Forever connected to western European civilisation, situated at the border with the Orient, borrowing from anywhere and everywhere whenever it seemed appropriate, or even when it wasn’t, Bucharest civilisation is surprising precisely because of these spectacular interferences, because of its atmosphere, its connexions, its rhythm, and the bustle we encounter here, an atmosphere in the midst of which unfold lives marked by nerves, hubbub and more rarely harmony, a city where grandiose projects take shape, as well as dramas of every kind. You will appreciate the huge contrasts between texts and images.
Full of defects, anxious, weary in many respects, enjoying a capricious climate, and even wholly unstable weather, overwhelmed by the plaints of its inhabitants above all else, Bucharest was and remains paradoxically a city that is loved!

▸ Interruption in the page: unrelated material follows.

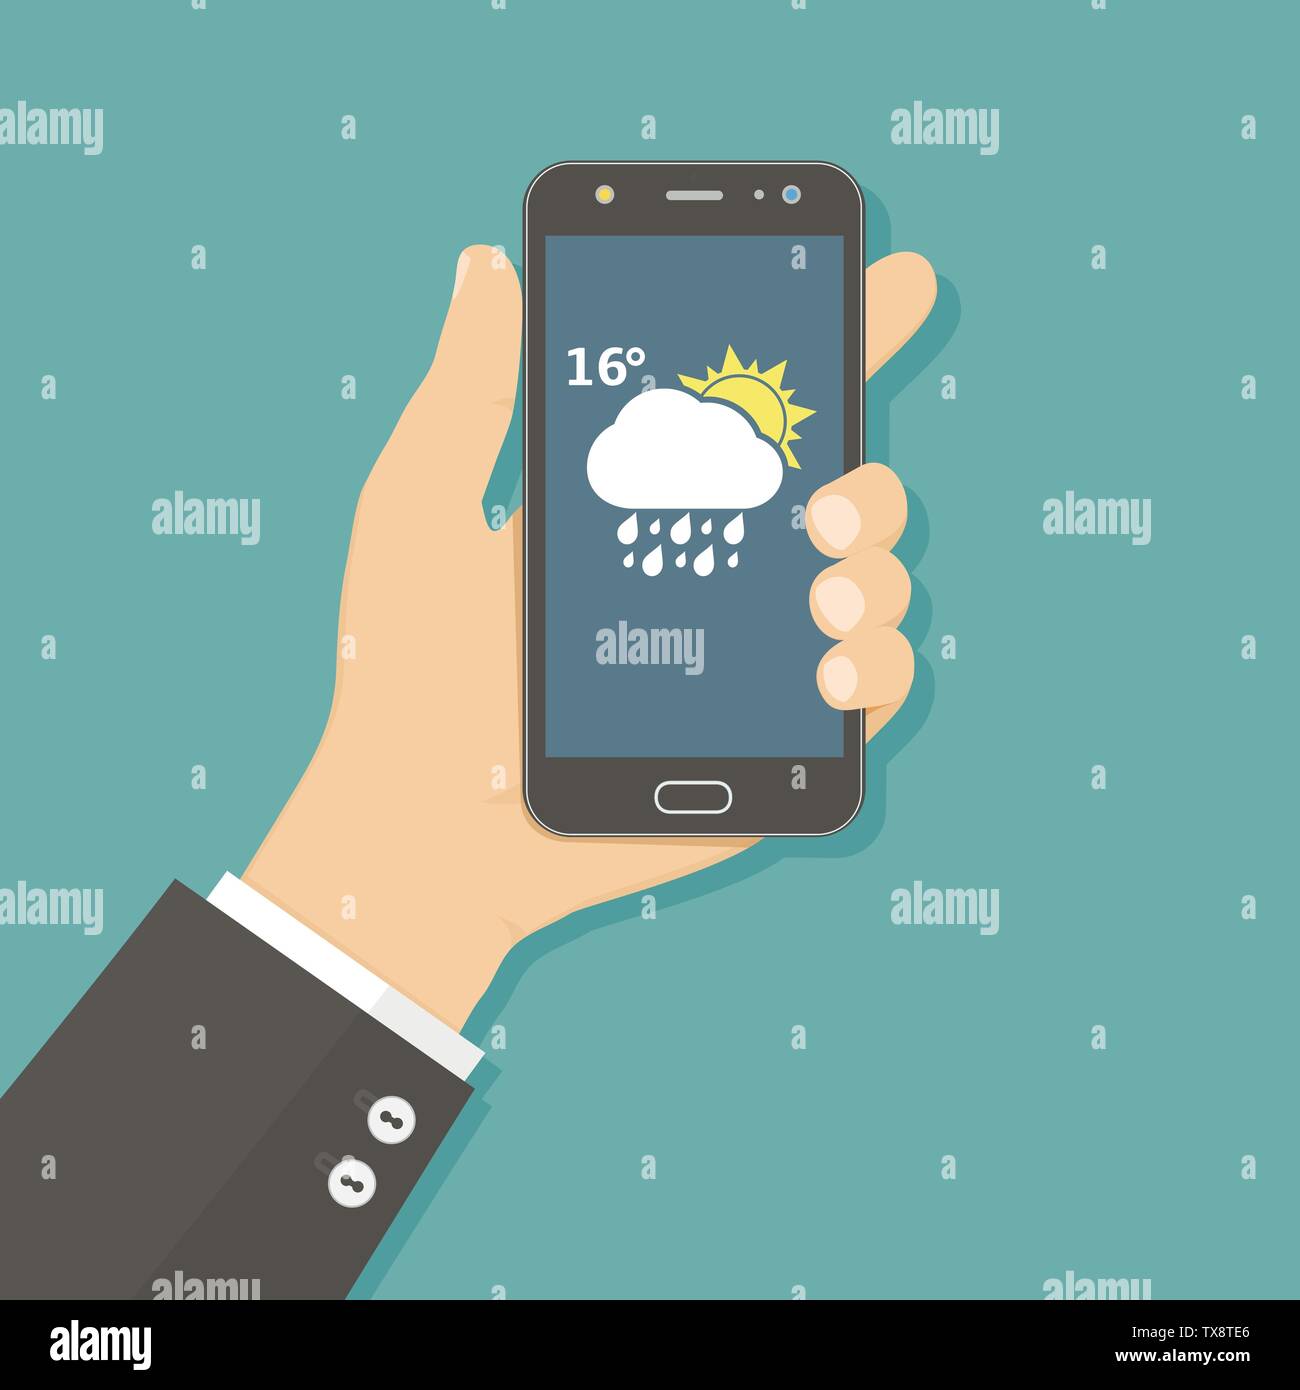 Flat design concept with hand holding mobile phone with weather app Stock Vector

In many respects we continue – it seems to be an invitation to tourists – a place where stable partnerships can be established, a place that presents all the parameters the exigencies of our times presuppose – something that is not at all to be overlooked. At the same time, we figure in the current statistics with troubling data as regards the negative effects of civilisation, among which pollution is perhaps the most grave.
What is the reality? How does Bucharest take shape on the map of Europe? How does the image of our capital look when viewed from afar, from greater or lesser distances? What are we doing today in order for tomorrow to be better for all of us? How do we judge the behaviour of citizens who have settled here or of those who are passing through? What architectural and city-planning projects can salvage and rectify the mistakes of the last few decades?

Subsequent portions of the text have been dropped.